** Supplied material **
Start of Block
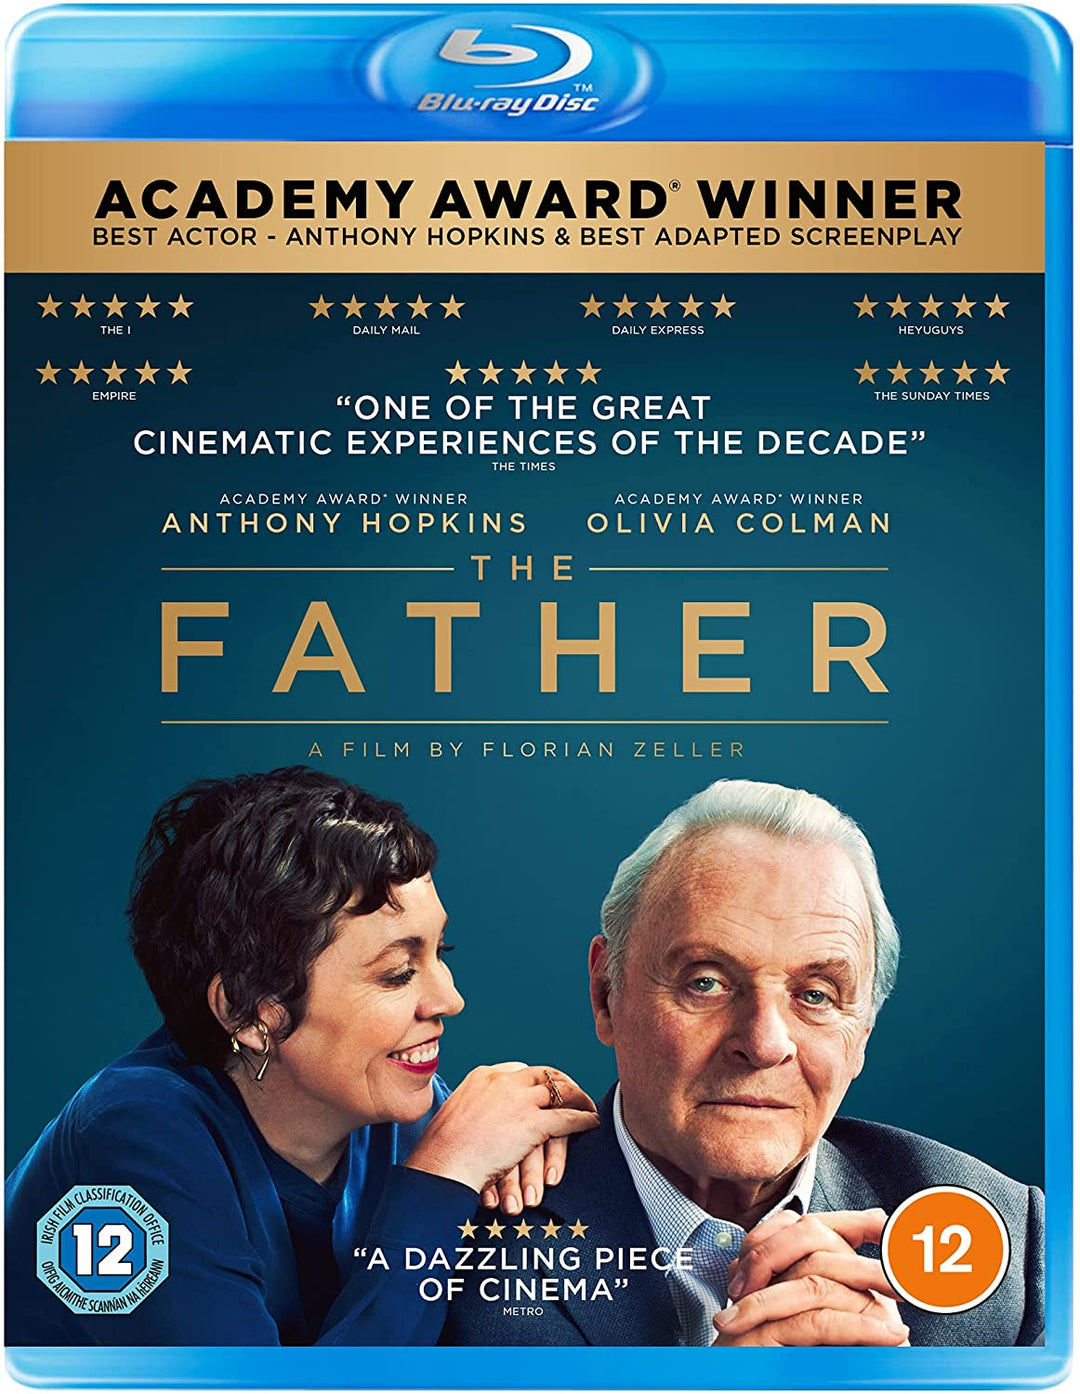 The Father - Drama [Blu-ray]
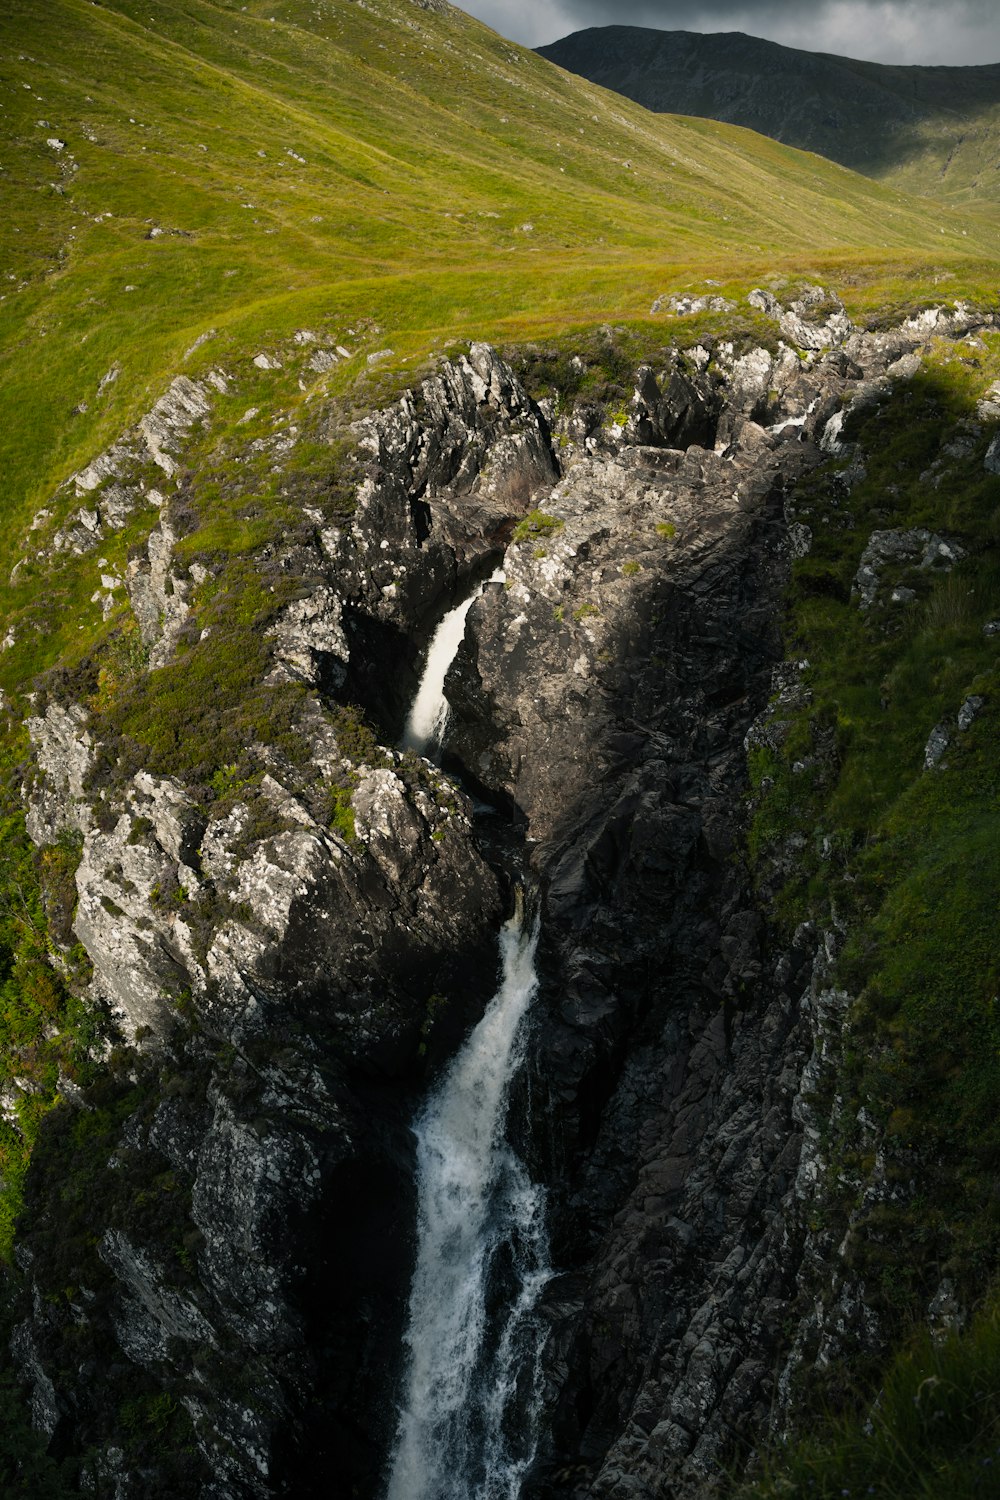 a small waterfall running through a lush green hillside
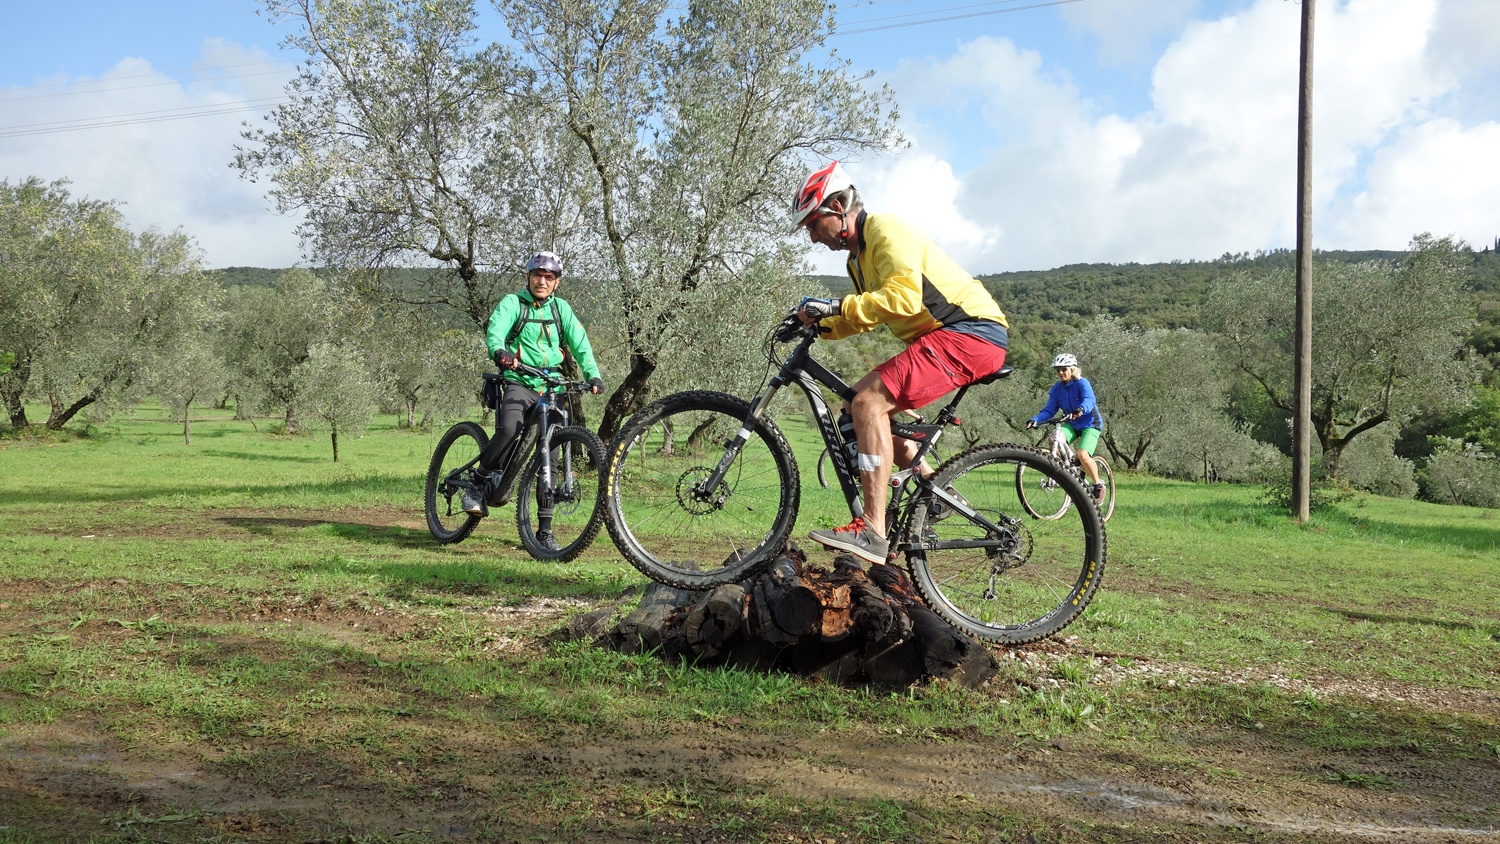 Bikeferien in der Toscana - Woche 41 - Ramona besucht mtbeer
End of Block
** Exercise details **
Omit the pictures and repeat the rest of the listing verbatim.

** Expected output **
 The Father - Drama [Blu-ray]
 a small waterfall running through a lush green hillside
 Bikeferien in der Toscana - Woche 41 - Ramona besucht mtbeer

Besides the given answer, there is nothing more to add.